If a for loop is used, should it indicate the starting position of the sliding window, or the ending position?
- Only one for loop is used to represent the starting position of the sliding window , so how to traverse the remaining ending positions?
- So only one for loop is used, then the index of this loop must indicate the end position of the sliding window
End position: the window is the continuous sub-array with the smallest length satisfying its sum ≥ target
The essential:
- First find a continuous sub-array from the beginning whose sum is greater than the target, the function is to fix the right pointer
- At this time, start to move the left pointer, and the left pointer moves. When the sum of the continuous sub-arrays is less than the target, the left pointer is fixed
- Then move the right pointer so that the continuous sub-array is larger than the target, and fix the right pointer
- Cycle through the above steps
the complexity:
- Time complexity: O(n^2) brute force solution is reduced to O(n).
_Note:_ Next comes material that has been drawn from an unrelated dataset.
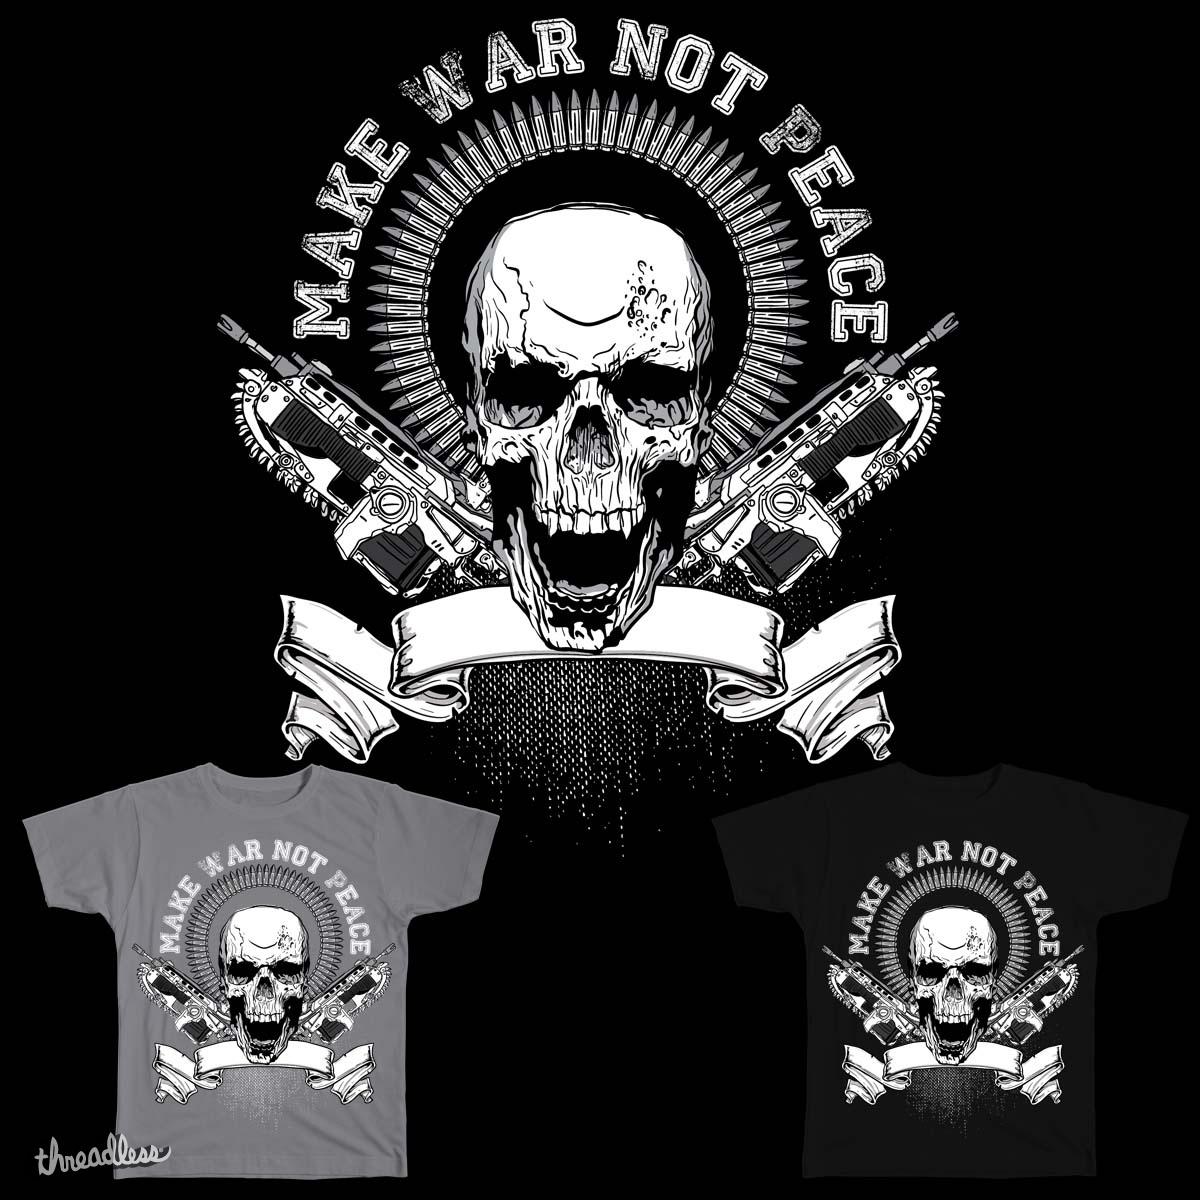 make war not peace by mistertomat on Threadless

Don’t think that putting a while in for is O(n^2). It
mainly depends on the number of times each element is operated. After the sliding window, the operation comes in once, and the operation goes out once. Each element is operated twice, so the time complexity is 2 × n, which is O(n). - Space complexity: O(1)
code:
class Solution {
public:
int minSubArrayLen(int target, vector<int>& nums) {
int result = INT32_MAX; //给一个很大的值
int sum = 0; // 滑动窗口数值之和
int i = 0; // 滑动窗口起始位置
int subLength = 0; // 滑动窗口的长度
// j 指的是终止位置
for (int j = 0; j < nums.size(); j++) {
sum += nums[j];
// 注意这里使用while,每次更新 i(起始位置),并不断比较子序列是否符合条件
// 1.先找到前j项和大于等于target的j
while ( sum >= target ) {
subLength = (j - i + 1); // 取子序列的长度
result = result < subLength ? result : subLength; //result表示当前的最短长度
sum -= nums[i++]; // 这里体现出滑动窗口的精髓之处,不断变更i(子序列的起始位置)
}
}
// 如果result没有被赋值的话,就返回0,说明没有符合条件的子序列
return result == INT32_MAX ? 0 : result;
}
};
3. Summary
Double pointers can be thought of, but they always fall into the circle of violent solutions.
The key is to think that what is fixed first is not the starting point (or called the left pointer), but the end point (the right pointer).
First try to step up the steps with your right foot. After fixing the right foot, move the left foot.
After moving the left foot, if the conditions are not met, move the right foot again.